早上去上衙,他手中拎着个木箱子,有人见了就问道:“武阳伯,这是何物?”
贾平安打个哈欠,“这是国粹。”
这玩意儿说是国粹也没错。
晚些他在百骑点个名,看了今日的消息,把任务分解下去就解脱了。
“某求见武昭仪。”
消息传到宫中,武媚咦了一声,“我记得这是他第一次求见吧?”
张天下点头,“怕不是有事。”
“不会。”武媚起身,“他若是有事不会求见我,而是会把消息传进来。”
张天下羞愧,“奴婢愚钝。”
晚些到了前面,贾平安说道:“臣已经做好了消遣之物,还请昭仪试试。”
试试就试试。
武媚莞尔道:“那便听你调遣。”
“弄了桌子来,再弄了凳子,要椅子,就是有靠背的。”
“桌子上太硬了些,弄一块布铺着。”
一切就绪,贾平安打开木箱子,把麻将倒在桌子上。
“这是何物?”
武媚有些好奇的拿起一块麻将。
“请昭仪坐下。”
贾平安又叫了两人坐下,开始介绍规则。
晚些……
“幺鸡。”
“吃,一二三。”
“东风。”
“碰!”
一个时辰后,贾平安起身,“臣要回百骑了。”
武媚抬头,面无表情的道:“坐下。”
“臣……”
“继续。”
半个时辰后,贾平安起身,“昭仪,你如今有孕,每日不能超过一个时辰,否则对孩子不好。”
武媚这才作罢。
当晚,李治吃了晚饭,然后在宫中溜达消食。
“陛下。”萧淑妃就像是幽灵般的冒了出来。
“朕今夜有事。”李治本想和爱妃共度良宵,但一想到萧淑妃满嘴的邪祟,就觉得膈应,“改日吧。”
萧淑妃幽怨而去。
“陛下。”
王皇后那边来人了。
“朕还有事。”
所谓后宫三千自然是个笑谈,但帝王的女人多却是不争的事实。
到了晚上去哪睡,刚开始帝王可以遵循身体的本能反应,但后续多半就变成了政治考量。
你想睡谁不是看你喜欢谁,而是要考虑对方身后的势力,要做给别人看。
于是敦伦就变得不单纯了。
为何不能随心所欲呢?
李治觉得帝王很累。
但王皇后最近和外面加紧了勾结的力度,宫内不断劝说他立陈王为太子,宫外的长孙无忌等人也在施压。
可朕才多大?
朕才二十多岁,你等就想让朕立太子,这是盼着朕早死呢?
作为帝王,博览全书是必须的,特别是史书。历代帝王都把史书当做是帝王教材,让子孙仔细研读。
先帝说以史为镜,可以知兴替。
你看看史书里的那些帝王,除非是短命的,否则但凡早早就立了太子,不是太子倒霉就是帝王倒霉。
为何?
因为猜忌。
太子会有自己的一套班底,渐渐羽翼丰满。而权力将成为父子之间的筹码,渐渐的把父子情义消磨的干干净净的,最后成为对手。
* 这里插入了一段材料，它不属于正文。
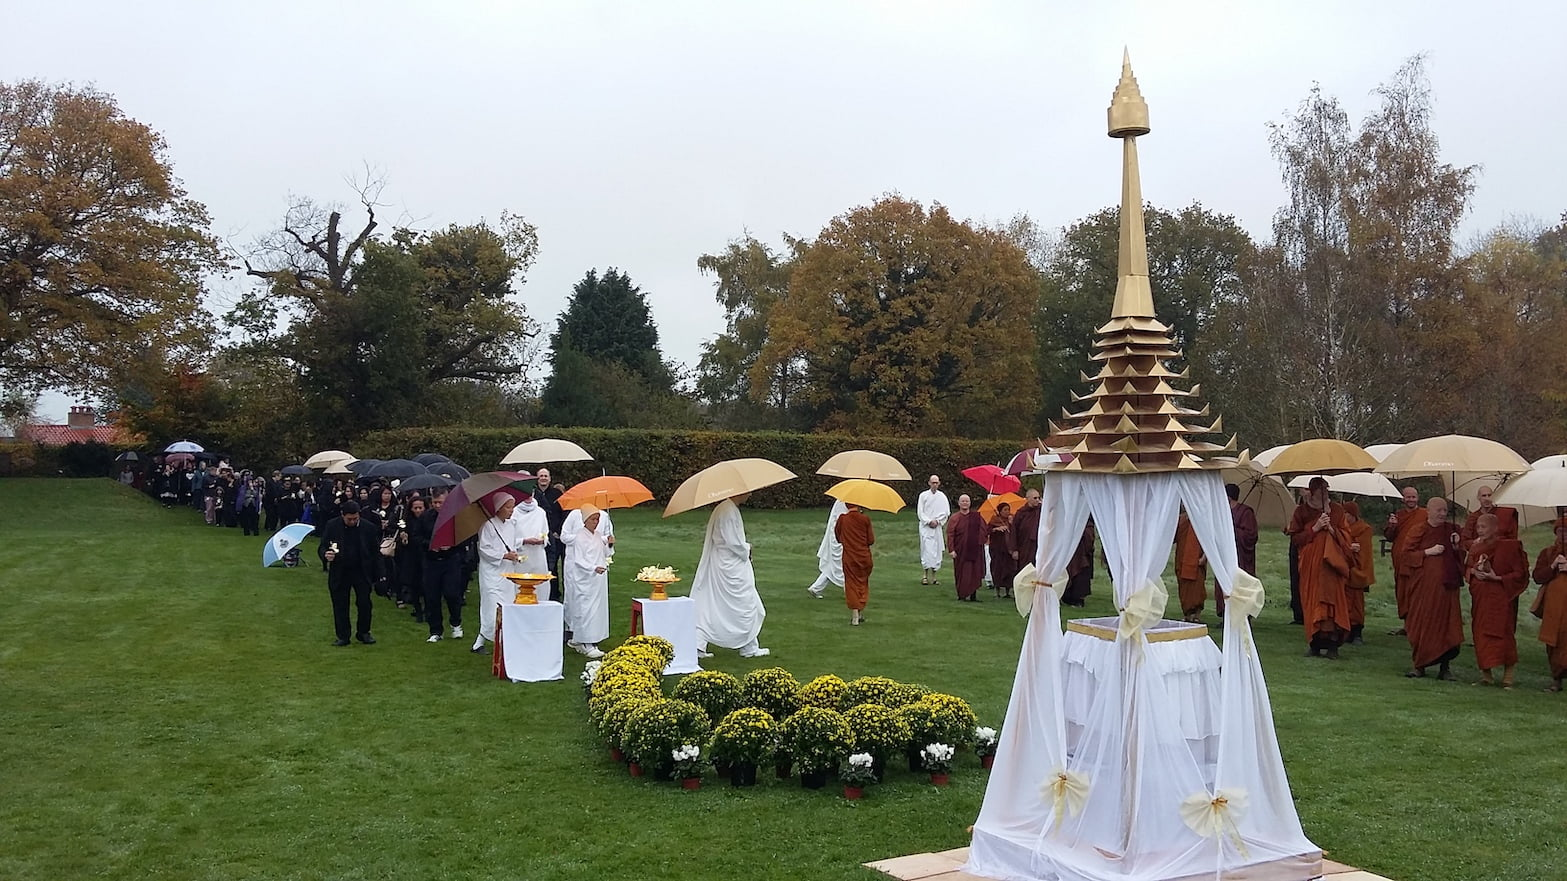 2017.10.26 King Maha IX's funeral
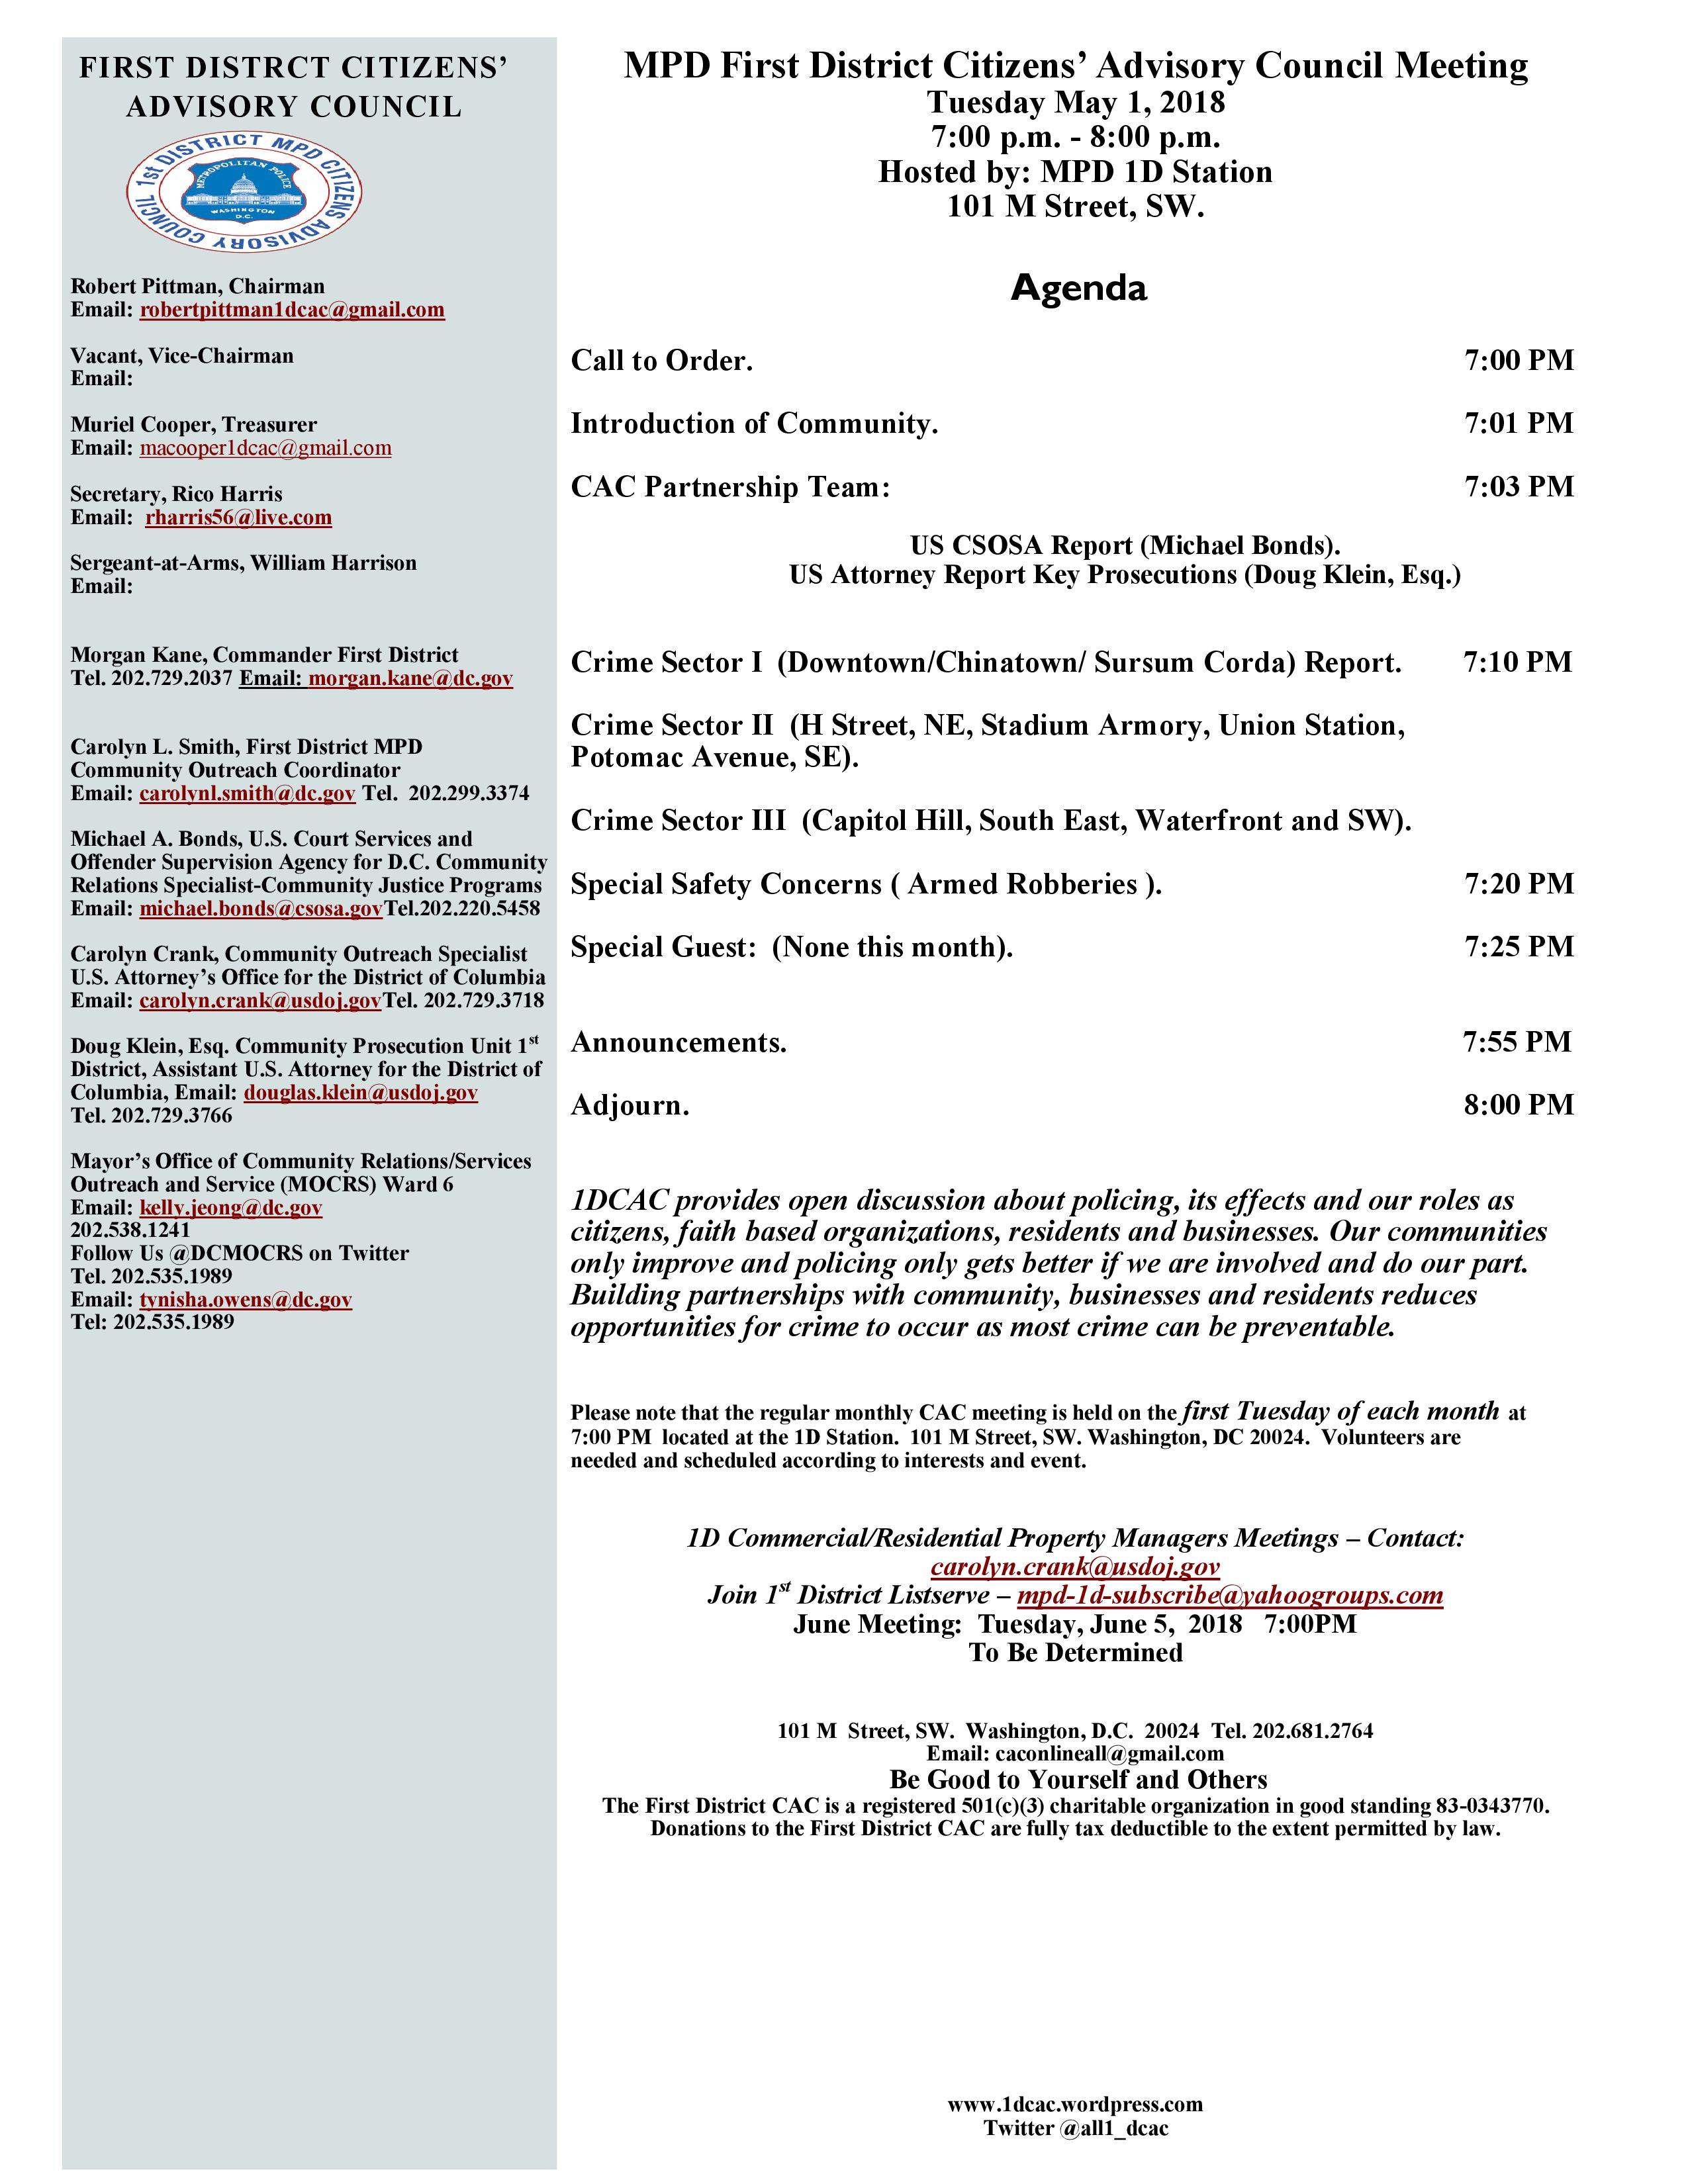 May 1, 2018 Agenda

远的不说,前隋的太子杨勇就是被自家老爹杨坚给猜忌了,最后沦为冷宫中人,被弟弟杨广弄死。本朝的第一个太子李建成被自家兄弟,也就是李治的老爹干掉了。
随后太宗皇帝也没好到哪去,看看李承乾这位大哥,当初立他为太子时,先帝是何等的疼爱,何等的信重。可随着时光流逝,父子间在权利的作用下变成了仇人,最终兵戈相见。
“这是逼朕!”
李治眉间多了冷意。
到了武媚的宫殿外,李治刚想进去,就听到了哗啦的声音。他摆摆手,示意别急。
“九筒。”
“吃。”
“七万。”
“杠!”
“杠上开花,哈哈哈哈!”
“昭仪,武阳伯说了,不可激动,不可兴奋,淡定。”
这是什么东西?
李治走了进去,只见一张桌子四面坐着人,武媚、张天下,还有两个宫人。而桌子上一堆小东西。
“你有了身孕还这般闹腾,不妥。”
李治板着脸,武媚起身请罪。
“这是何物?”
“麻将。”
“一看便是游戏,让人沉迷于其中。”
李治的眼中有厌恶之色。
“陛下,要不……试试。”
“朕不喜此物……”
晚些……
“红中。”
李治举手,“慢!”
他初学,要看看牌。
“朕这个……混一色,胡了!”
他伸手,其他三人给钱。
“陛下。”
李治没搭理。
“陛下。”
叫魂呢!
李治皱眉,“何事?”
王忠良说道:“陛下,子时了。”
子时之前就该睡的,可现在皇帝却打的废寝忘食。
李治有些遗憾的起身,然后吩咐道:“这是玩物丧志!”
武媚低眉顺眼的应了,然后说道:“陛下不来,就不打。”
这个……好像可以!
李治干咳一声,“歇了。”
王皇后正在等着皇帝来,可来的却是个宫人。
“皇后,陛下在武昭仪那边歇下了。”
王皇后皱眉,“那贱人肚子大的吓人,陛下为何在那歇下了?”
按照宫中的规矩,女人有孕了,皇帝时常去探望一番没错,但不会留宿,否则……
“那贱人好大的胆子!”王皇后怒了,“她竟然不顾孩子的安危,果然是个狠心的贱人!”
第二日,王皇后叫了人来。
“去看看那贱人可是躺着了。”
“皇后,那贱人正在喂鱼呢!”
她竟然无恙?
王皇后觉得不可思议。
“难道昨夜他们……”
若是没敦伦,那皇帝为何留宿在那边?
“说是什么游戏,让陛下沉迷了。”
王皇后不解。
“皇后,奴去问了医官,医官说有房中术……能让女子孕期也能伺候男人。”
呸!
王皇后呸了一口,然后使个眼色。
蔡艳低声道:“奴已经弄来了。”
干得好!
王皇后想着自己也学学所谓的房中术,说不得还能重新让皇帝宠爱自己。
“你出宫一趟,去问问……太子之事如何了。”
蔡艳出宫时,习惯性的看看左边的偏殿。
“……你给了物体一个力,这个力不会消失,而是转化了,别想着消失,特娘的,尉迟循毓!站起来!”
呯!
偏殿里传来了抽打的声音。
“站好!”
外面,郝米拿着一支炭笔在记录着,不时看里面一眼。
“力是基础,打个比方,你上阵厮杀,怎么砍杀才最省力?那些老卒会告诉你,最好的法子就是以腰为点发力,力量大,而且还不累。为何?这便是你等今日要去琢磨的道理,明日交来,胡乱写的,严惩!”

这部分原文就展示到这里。